Since NCTCOG wields federal funding, it often controls which projects can get off the ground. So in this case, Morris said the I-345 demolition stood little chance of moving forward.

“There’s not much our office is going to be able to do to help them, and there’s not much [the state highway department] will be able to do,” he told The Dallas Observer.

More Spending

In 2018, Collin County officials claimed they needed $12.6 billion for new roads over the next 30 years — more than the county’s entire annual budget. Michael Morris applauded a $750 million bond proposal to help cover the cost. But he made clear that wasn’t enough.

“It’s not the solution,” he said. “It’s the start.”

Morris’s support for massive, uncoordinated infrastructure spending has spanned decades. In 2019, D Magazine labeled him one of the “Kings of Dallas Sprawl,” alongside then-DART CEO Gary Thomas. Thomas, who earned $325,000 as of 2019, presided over a 20-year period of mounting debt and questionable priorities.

During Thomas’ tenure, DART took on a $908 million federal debt for its Cotton Belt light rail extension, according to Bond Buyer.
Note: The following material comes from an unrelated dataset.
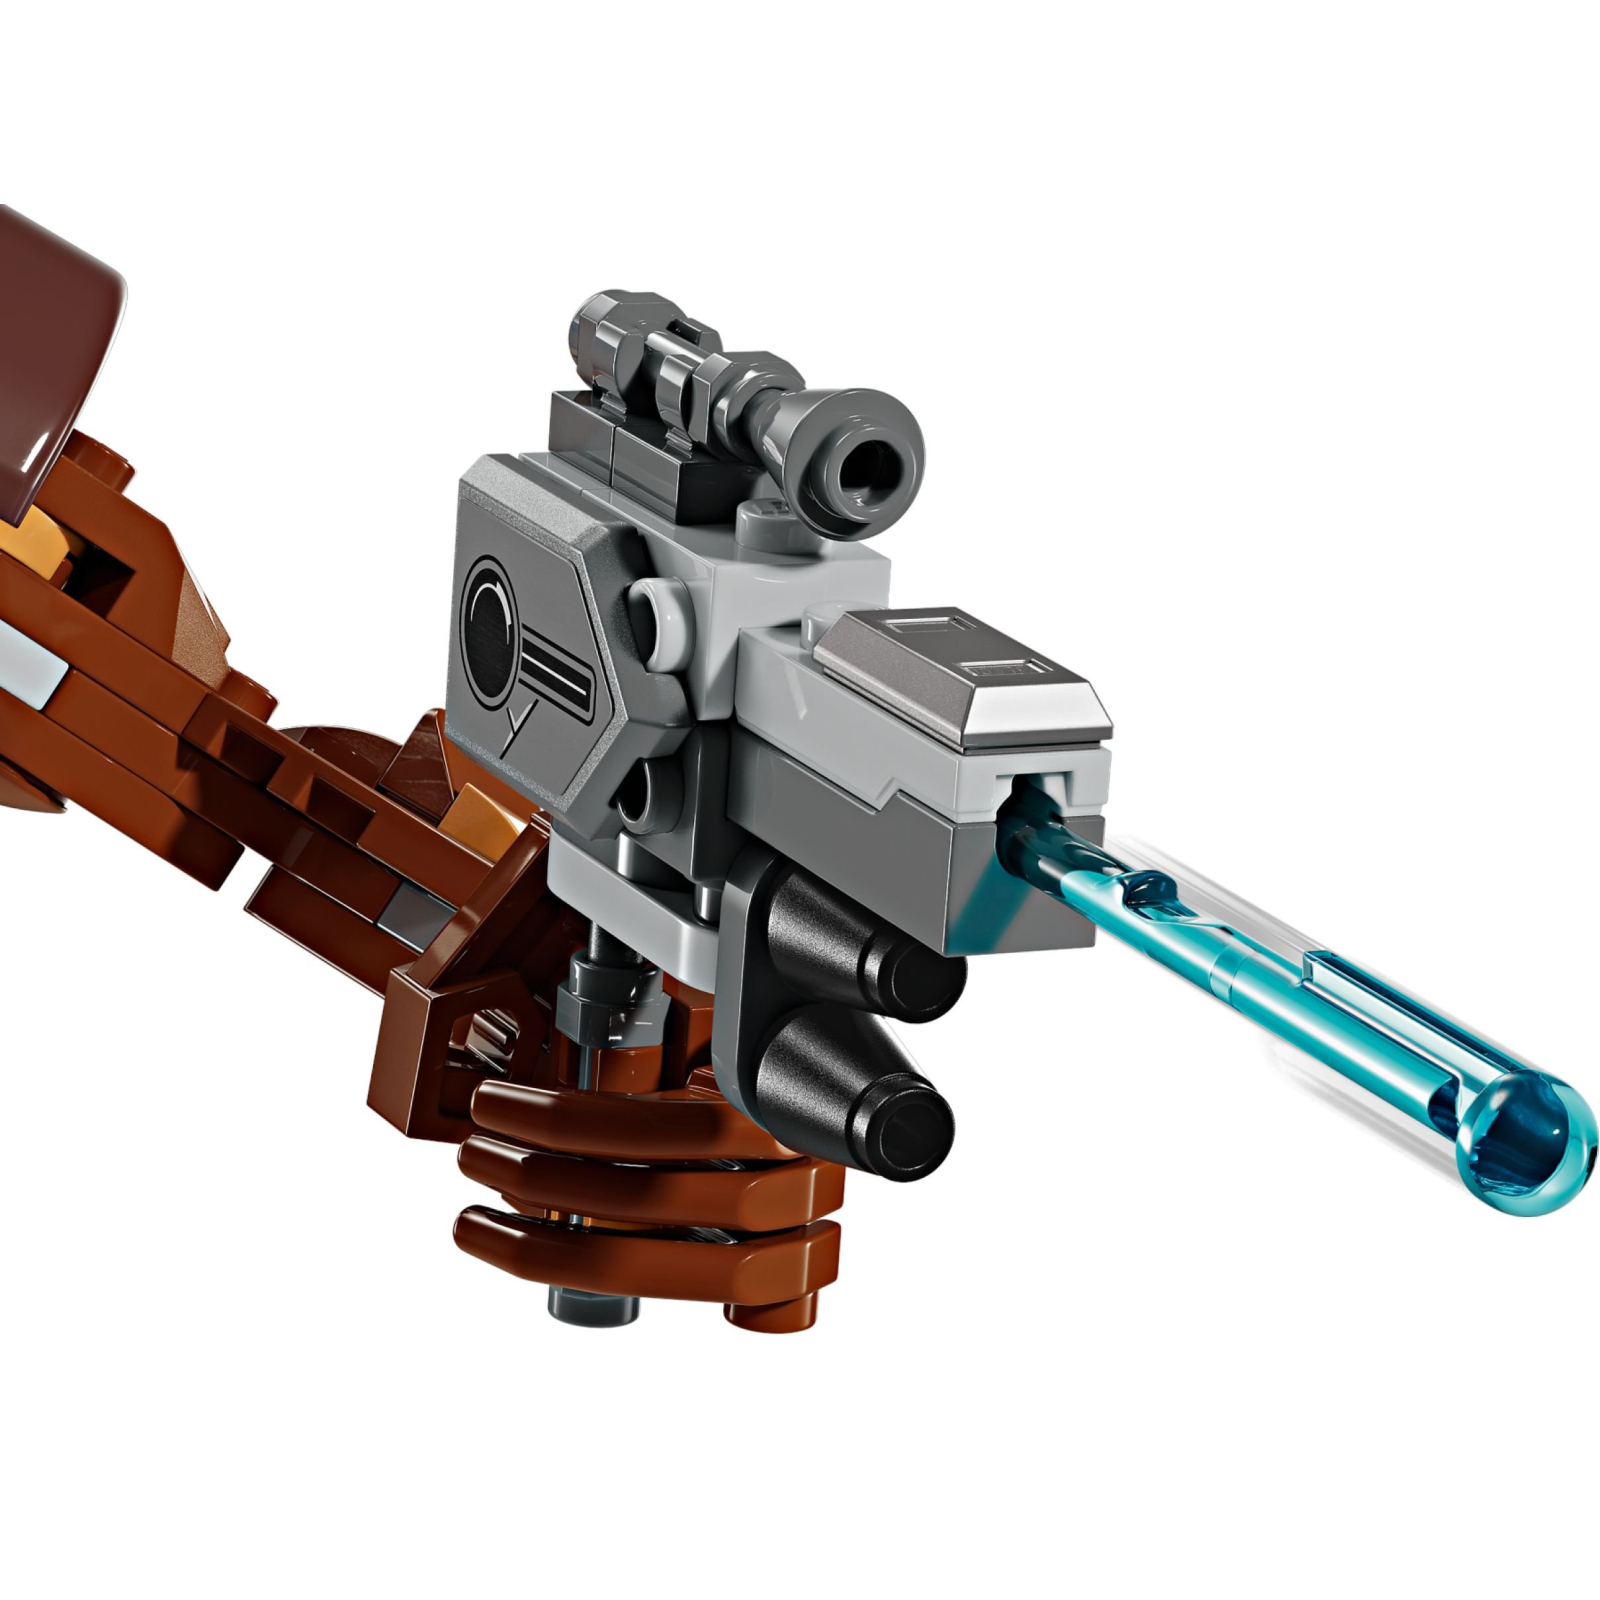 Конструктор LEGO Super Heroes Ракета й малюк Ґрут 566 деталей (76282) зображення 5
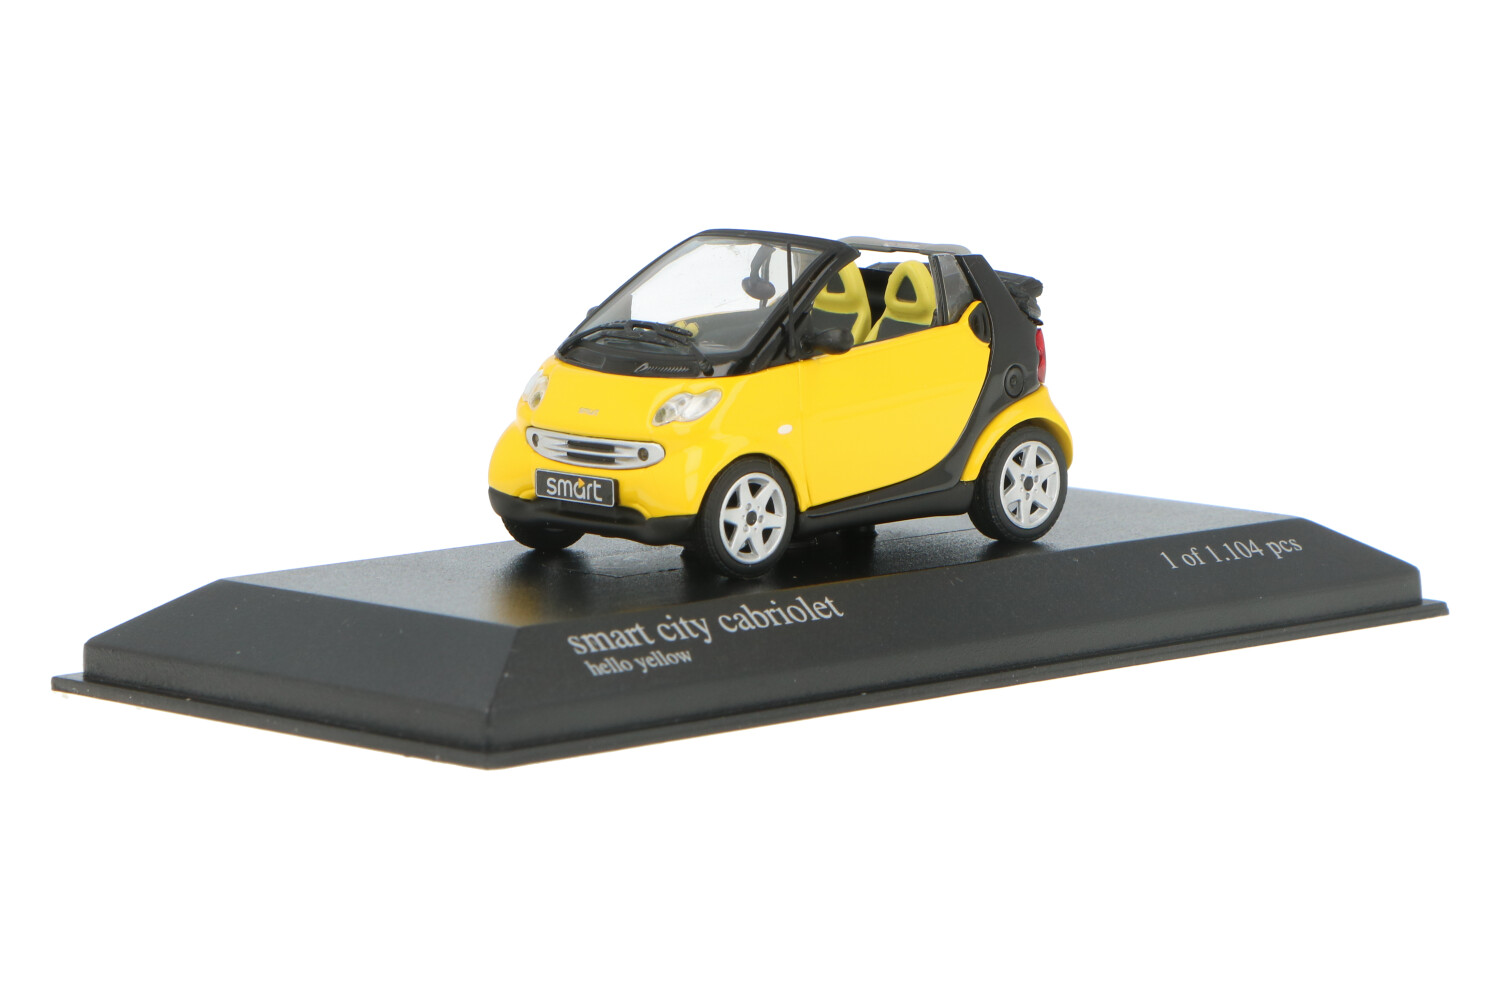 Smart City Cabriolet - Modelauto schaal 1:43

Officials claimed this left DART in a better position to take on another project – the D2 Subway downtown, initially projected to cost $1.2 billion.

By 2021, that figure had ballooned. The Dallas City Council approved $1.7 billion for D2 and demanded better coordination across major infrastructure projects. That’s when Morris finally stepped in — calling for a “horizontally integrated vision.”

“Michael was critical of DART’s D-2 alignment,” Mayhew said. “He led the initiative with Sandy Wesch that included realigning D-2 and developing a combination project including I-345.”

But Morris has consistently backed large-scale projects — roads, tunnels, rail — without clearly defined outcomes. In a 2023 op-ed in The Fort Worth Report, he argued for building around highways, not away from them.

He called for more development in dense suburban zones, “around rail stations,” “inside transit authority boundaries,” and “along transportation corridors.” He also advocated for high-speed rail and population-driven investment.

The problem, according to Morris? Too many people.

The solution? More development, especially near public transit like DART – which just pushes for more funding. 

After 35 years, Michael Morris continues to call himself the “marriage counselor” between agencies. But with billions in debt, mounting suburban revolt, and no clear results, critics are starting to ask: Who exactly is he reconciling — and who’s been stuck with the bill?